La razón por la que el cerebro de un niño no siempre es capaz de integrarse, es sencilla: aún no ha tenido tiempo para desarrollarse. De hecho, le queda un largo camino por recorrer, ya que se considera que el cerebro de una persona no está plenamente desarrollado hasta los veintitantos años. La buena noticia es que usando los momentos de la vida cotidiana podemos influir en la manera en que el cerebro de nuestro hijo avance hacia la integración. Por ejemplo, ayudamos a usar el cerebro izquierdo lógico y el cerebro derecho emocional, como si fueran un equipo cuando, ante situaciones de desborde emocional, los ayudamos a registrar sus sentimientos con empatía y luego, cuando el niño logra calmarse y se encuentra ya más receptivo, hablamos de las cuestiones lógicas referidas a la disciplina y a la búsqueda de soluciones.
Colaboramos a activar el cerebro superior de los niños al pedir que reflexione haciéndole preguntas, planee y elija, en lugar de favorecer el cerebro inferior, donde no interviene tanto la reflexión, sino la reacción. Hay una aptitud innata del cerebro para la interacción social, tener experiencias positivas y satisfactorias con las personas con las que están más tiempo resulta sumamente beneficioso. Los conflictos que surgen en esta interacción con otros se nos presentan como una oportunidad de enseñar aptitudes esenciales para relacionarse, como ver las cosas desde la perspectiva de los demás, interpretar señales no verbales y hacer acuerdos.

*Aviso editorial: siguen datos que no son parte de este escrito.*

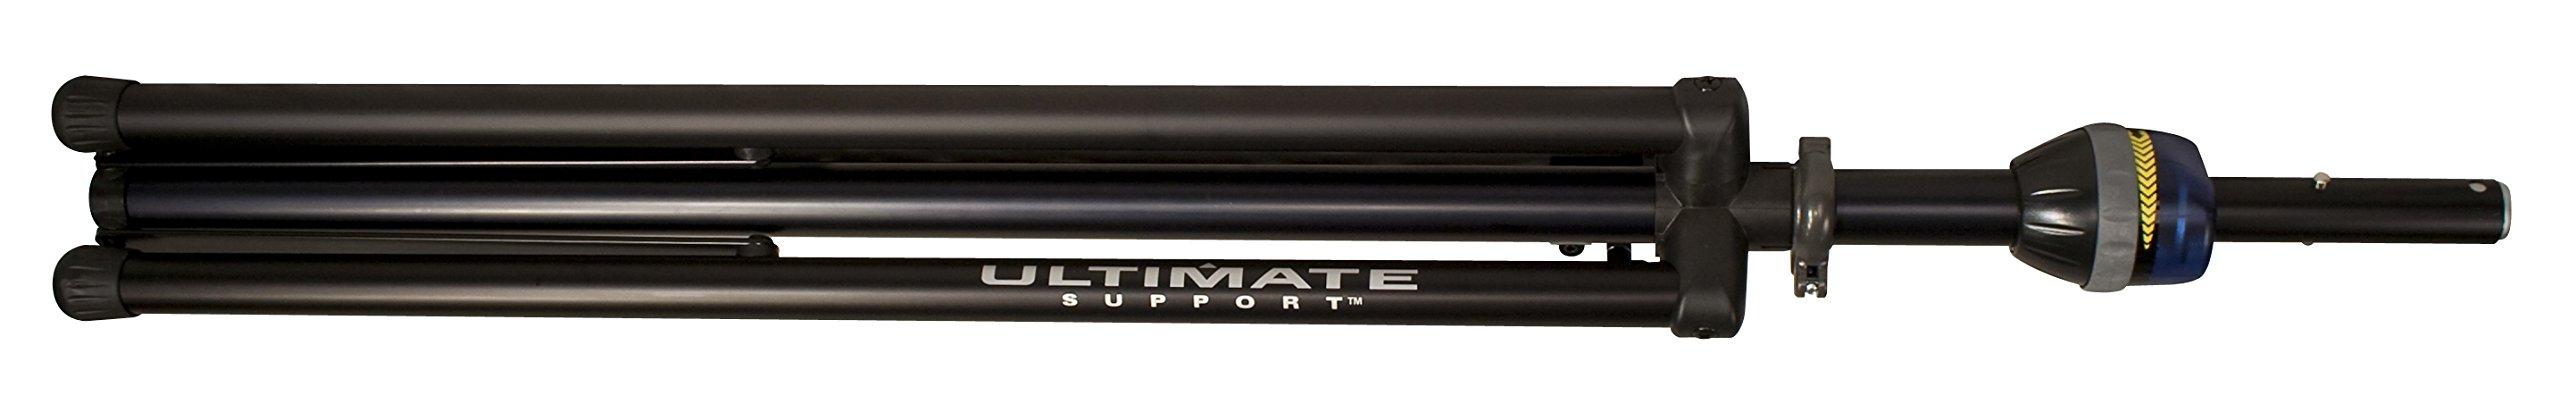 Ultimate Support TS-99BL - TeleLock Series Lift-assist Aluminum Speaker Stand, w/ Speaker Adapter, Xtra Height, Leveling Leg

Lo maravilloso de este enfoque y sus propuestas de acción es que coinciden plenamente con una visión respetuosa de la crianza. Una crianza que entiende que el rol de los padres es fundamental, que los conflictos o manifestaciones de esta “falta de integración cerebral” son oportunidades para enseñar habilidades, que muchas de las cuestiones que suceden todos los días son propias de la inmadurez de nuestros hijos y que es nuestra labor ayudar a registrar lo que sienten, estimular su reflexión para que no los dominen las reacciones, fomentar un pensamiento propio y un mayor registro y control de su cuerpo y las emociones.
Diversas miradas nos llevan a un mismo camino, al de una paternidad activa, efectiva, respetuosa y responsable.
Lic. Vanesa Gómez
Fuente: “El cerebro del niño”. Autor: Daniel J. Siegel.